The message of this important book is an affirmation of what ought to be obvious but is all too often obscured by ideological smokescreens, together with an articulation of what follows from this undeniable truth: every act we ever perform, whether we are sane, normal citizens or serial killers, is the physical effect of a complex combination of genetic, developmental, and experiential factors that make us who and what we are at the moment of action. None of us is miraculously isolated from these causal factors—nor should we want to be—but some of us are better “wired” than others. Some of us are indeed “wired wrong” in ways that science can uncover and confirm, and in some instances fix. The good news, which Raine is intent on conveying to us, is that “biology is not destiny.” While it is true that there really are genetic biases for criminality and violence, it is also true that these genetic biases are not dictatorial and immutable; because our characters are the product of many complex factors, the undesirable tendencies inherent in some of our genes can in principle be neutralised by intervening in the non-genetic components.
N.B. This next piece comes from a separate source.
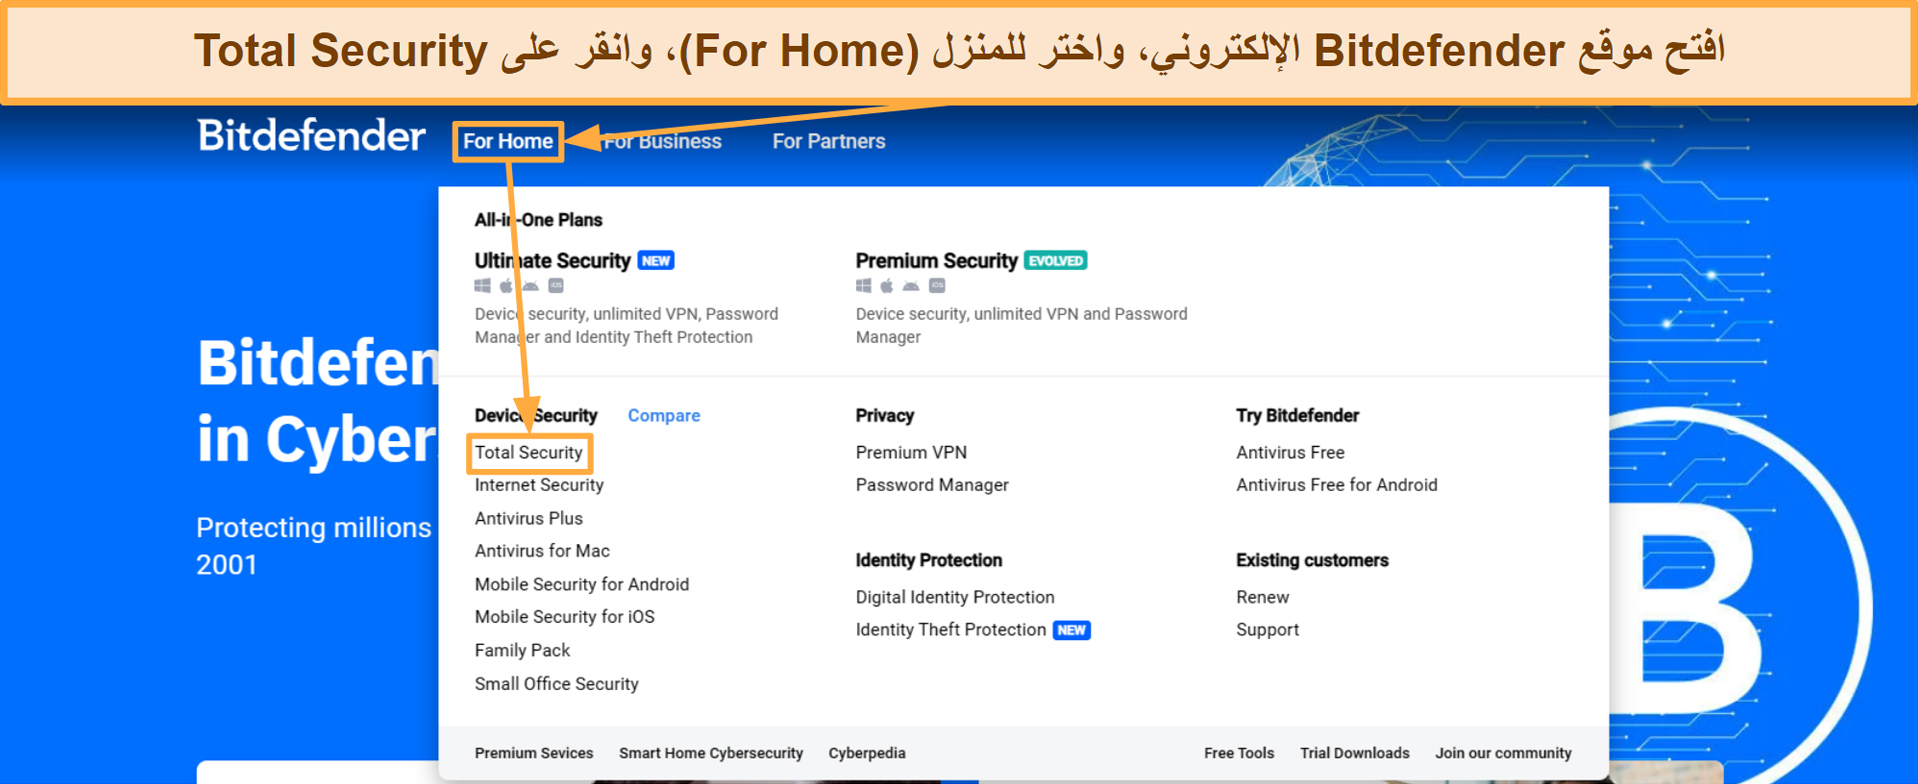 افتح موقع Bitdefender الإلكتروني، واختر للمنزل (For Home)، وانقر على Total Security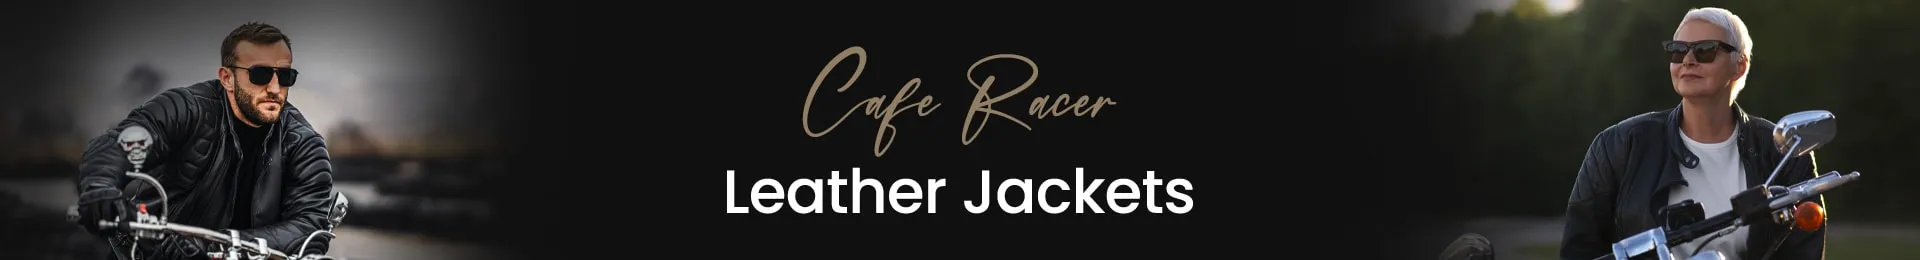 cafe racer leather jackets, mens cafe racer leather jacket, cafe leather jacket

Looking at the emerging details of the causal pathways shows how this can be done. A “well-wired” brain must be balanced, and it’s actually a rather delicate balance, maintained by cascades of neuromodulators and neurotransmitters, each of which is regulated by others, focusing attention, damping urges, stoking desires, calming and stimulating in turn. It can seem a wonder that anybody can get through the day without going berserk, and yet most of us maintain a quite robust and reliable degree of self-control, responding appropriately to setbacks and risks, and not even tempted by opportunities to commit crimes that are literally unthinkable—by us.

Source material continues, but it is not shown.